Важно другое. Вот Иличевский обогатил и без того богатых читателей. Чего плохого, казалось бы. Пусть богатые будут ещё богаче, правильно? Если кризис – спасай банки, а социалку как-нибудь секвестируем. У кого нет миллиарда – вон с горизонта жизни! Сколково не сметь загораживать…

Думается, ни один русский интеллигент в сочувствии к подобной морали не признается. Это низкая мораль – для пользователей ай-подов. Мы не такие.

Но почему тогда, позвольте спросить, мы руководствуемся ровно тем же самым в своей прямой интеллигентской, так сказать, деятельности?

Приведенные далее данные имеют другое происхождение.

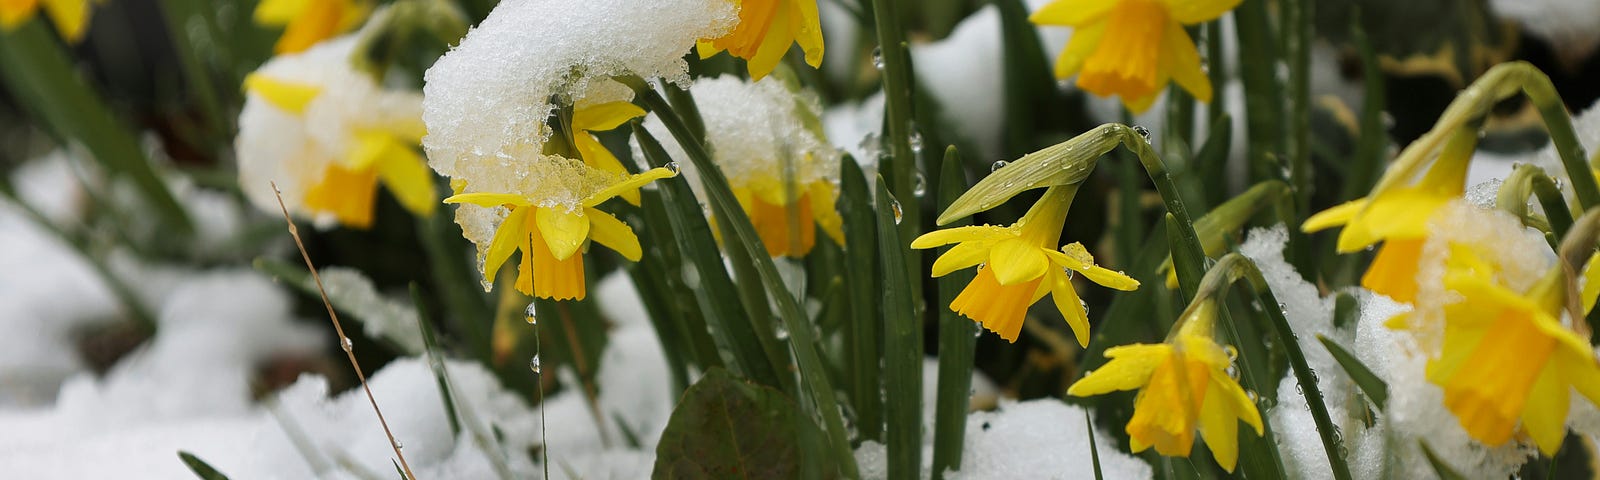 Group of small yellow daffodils in the melting spring snow

Я это не к тому, чтобы обязать всех вослед Толстому писать сказки для крестьянских детей. Писательской душе не прикажешь. Но мы-то, расставляющие книги по росту, выдвигающие на премии и продвигающие к читателю?.. Что, тоже «душе не прикажешь»? Ну такая, значит, у нас и душа, с ай-подцем.

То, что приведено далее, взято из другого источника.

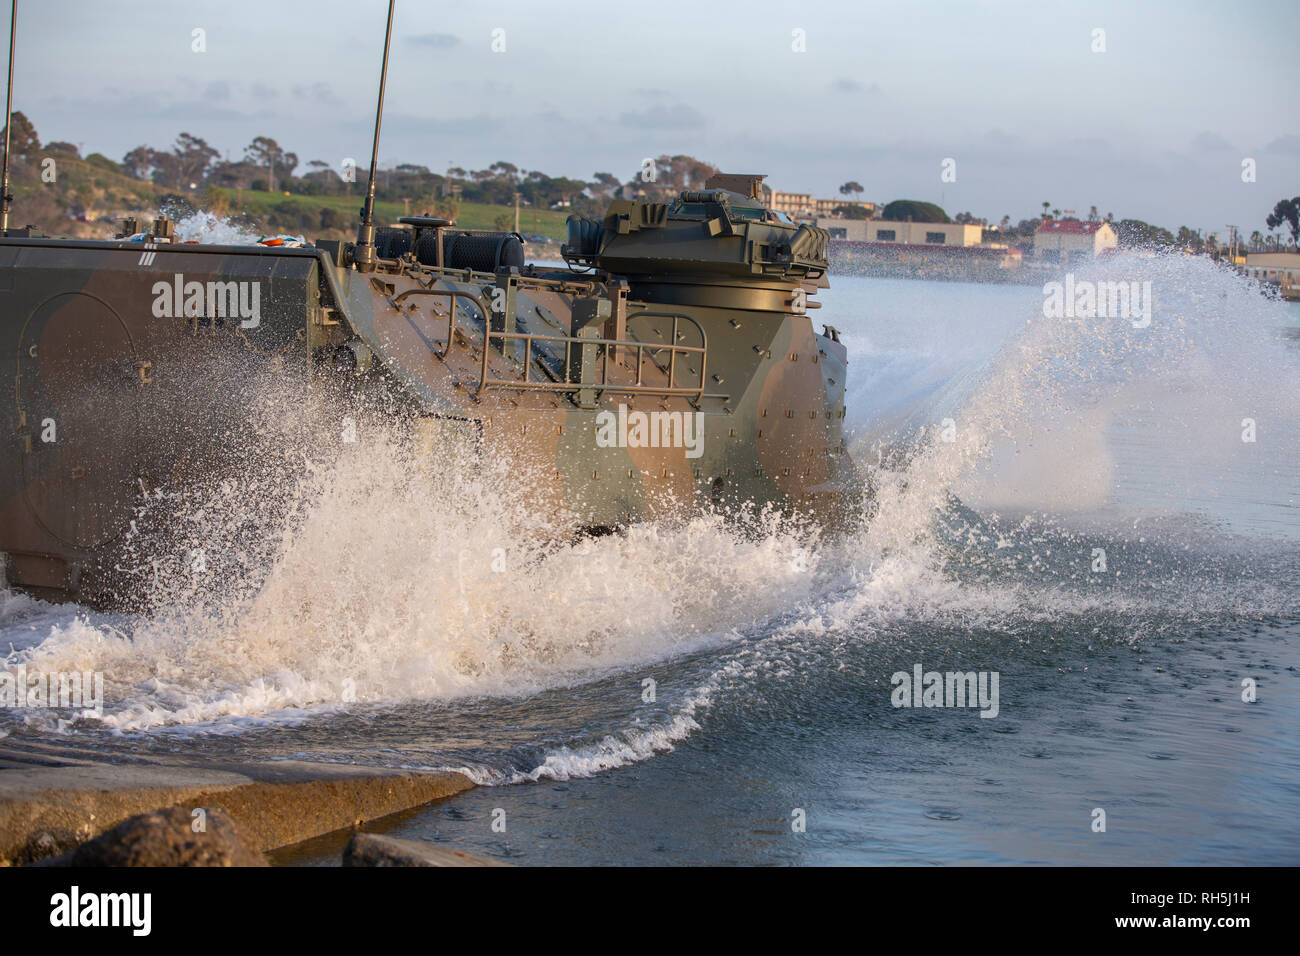 A Japan Ground Self-Defense Force assault amphibious vehicle enters the water and travels to the USS Somerset (LPD 25) during Iron Fist 2019, Jan. 30 on U.S. Marine Corps Base Camp Pendleton, CA. Exercise Iron Fist is an annual, multilateral training exercise where U.S. and Japanese service members train together and share techniques, tactics and procedures to improve their combined operational capabilities. (U.S. Marine Corps photo by Cpl. Cutler Brice) Stock Photo
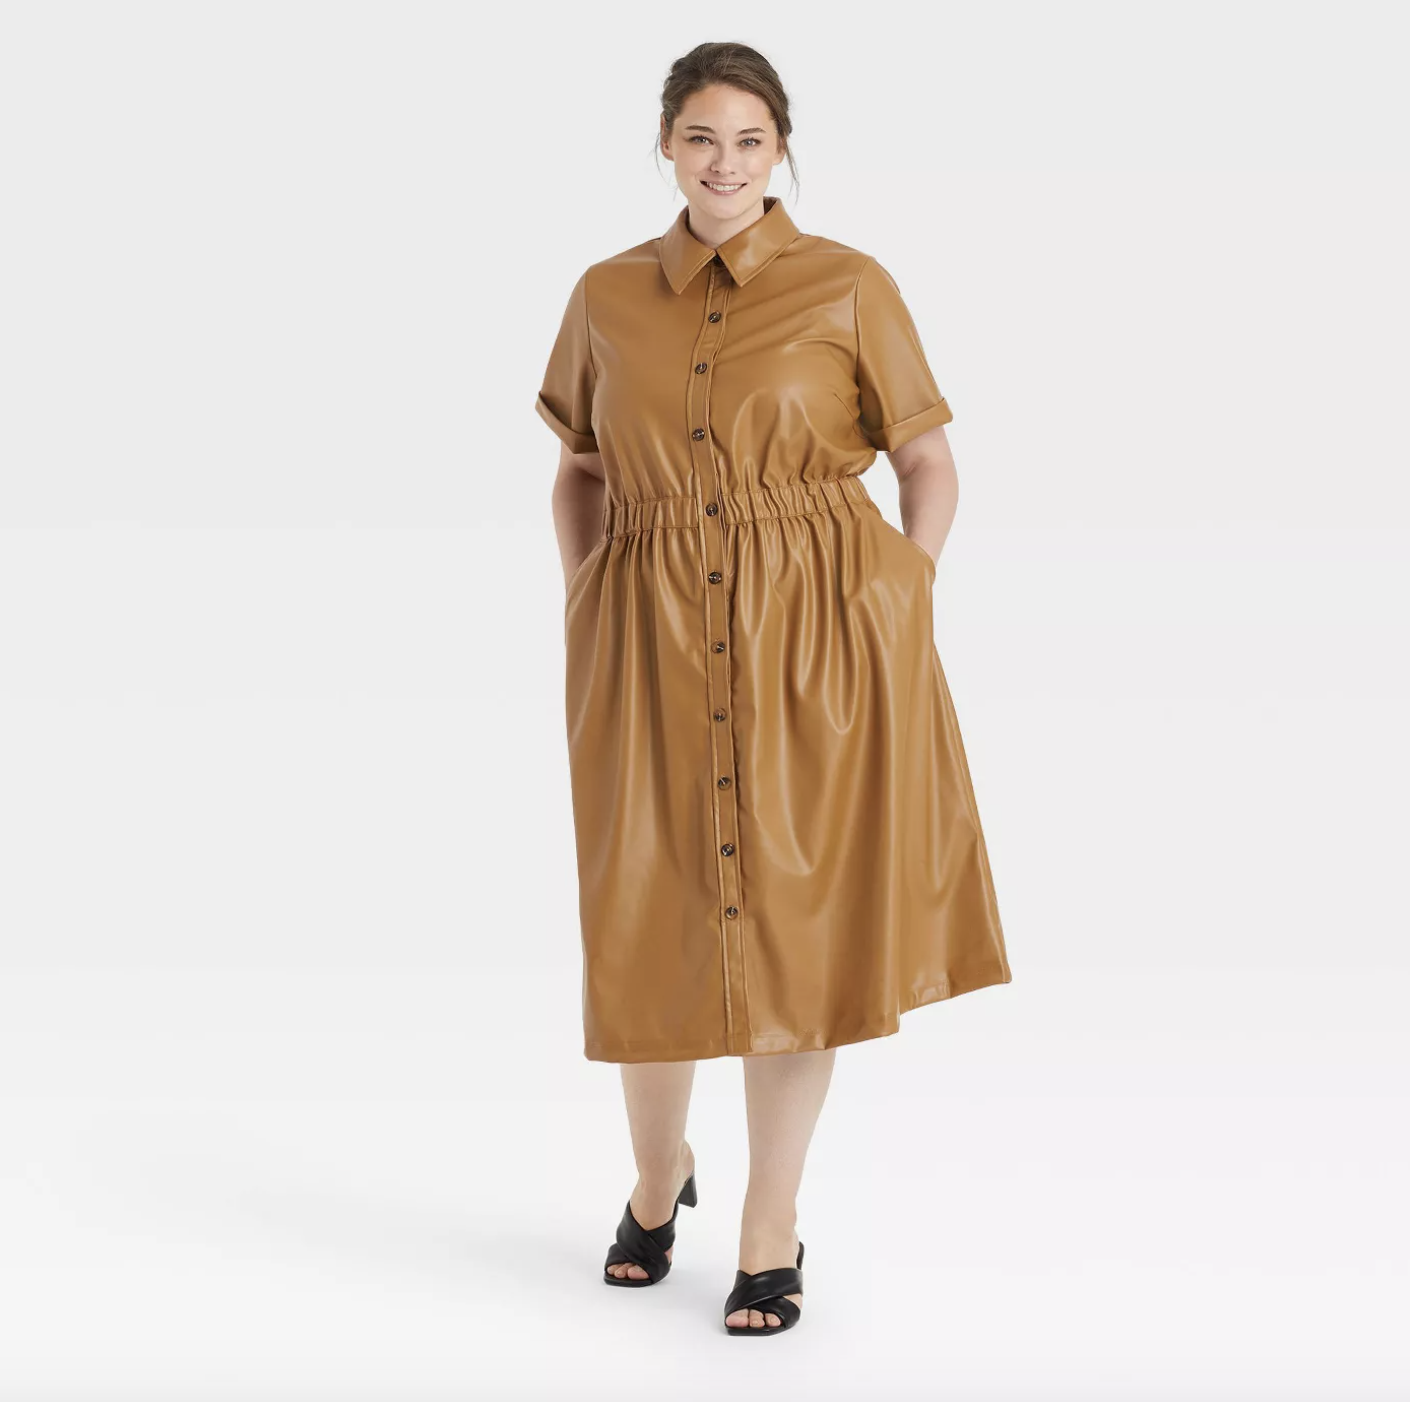 model in knee length shirt dress silhouette light brown faux leather dress

(…Вот не хотел же переходить на личности, но сорвусь. Билли Холидей пела, а не «пел», потому что она женщина! (Мужчина – тот Джонни Холлидей.) И литературный редактор «Перса» Михаил Бутов, он же по случайному совпадению ответственный секретарь премии «Большая книга», соискателем которой этот роман является, не знать этого не может. Ибо меломан известный. Значит, корректор?.. Всё зло мира от Америки и корректоров!..)

На днях один человек – миссионер – ведёт литературный кружок у заключённых, – рассказал о своих подопечных вот что:

«О.?Генри и Уэллс им гораздо «понятнее», «ближе», «веселее» (закавычено, потому что неточно), чем, к примеру, Аверченко или Куприн. Не сюжетно даже, а лексически. Под правильную русскую художественную речь почти засыпают. Не поймать мне пока мысль, но что-то прорисовывается, с учётом шквального успеха у них Шукшина и вполне приличного приёма Шаламова».

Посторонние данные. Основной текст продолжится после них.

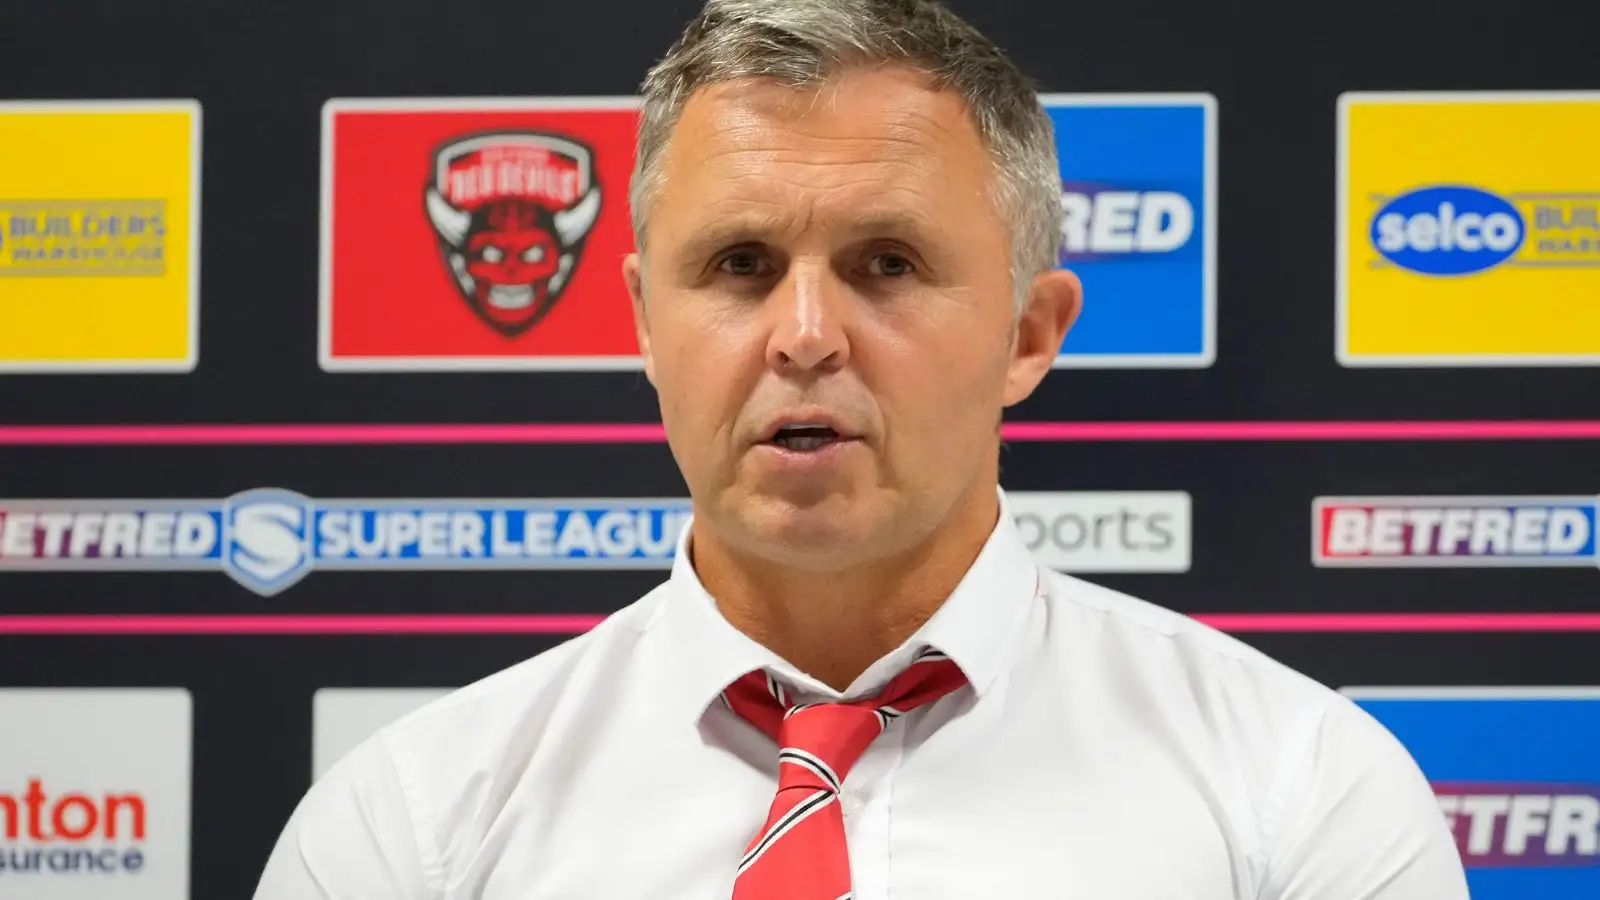 Salford boss Paul Rowley launches scathing attack on officials; says sport will ‘probably lose fans’

Зацепил меня этот рассказ. Казалось бы: ну смешно, зэки, тоже мне критерий.

А Шукшин?..

А «большое видится издалека»?

Я так думаю: вот есть разные вещи в жизни. Вроде все нужны, всякие важны – и зубная паста, и крем для лица. Но когда край наступит, что оставишь, а что с собой возьмёшь?

«Зэкам нравится» – это и есть что-то вроде такого маленького испытания на излом. Когда нечто вроде бы величественное, монументальное (Куприн) превращается в бессмысленные кружавочки.

Что уж говорить о дельфинах.

А «Перс», ну что «Перс». Для таких романов следовало бы выделить особую премию вроде Шнобелевской – за смешные и бессмысленные на неспециальный взгляд исследования. Типа левитации лягушек в магнитном поле. Специалисты поймут: в левитации лягушек тоже смысл есть. В «мирное время».

Тут, возможно, и зарыта собака между милейшим Бутовым и во всех отношениях неприятным мною. Он за вычетом всяких «но» считает наше время «мирным», движущимся в правильном направлении, пригодном для неспешных остроумных исследований. А мне кажется, что край, пожар и набат. Ему подавай лягушек, мне – чтоб как для зэков.

Казалось бы: какое время – такая литература.

А ну как наоборот?

Ну не из-за книжек же мы в самом деле ссоримся…

Александр Иличевский. Перс : Роман. – М.: АСТ: Астрель, 2010. – 636?с. – 5000?экз.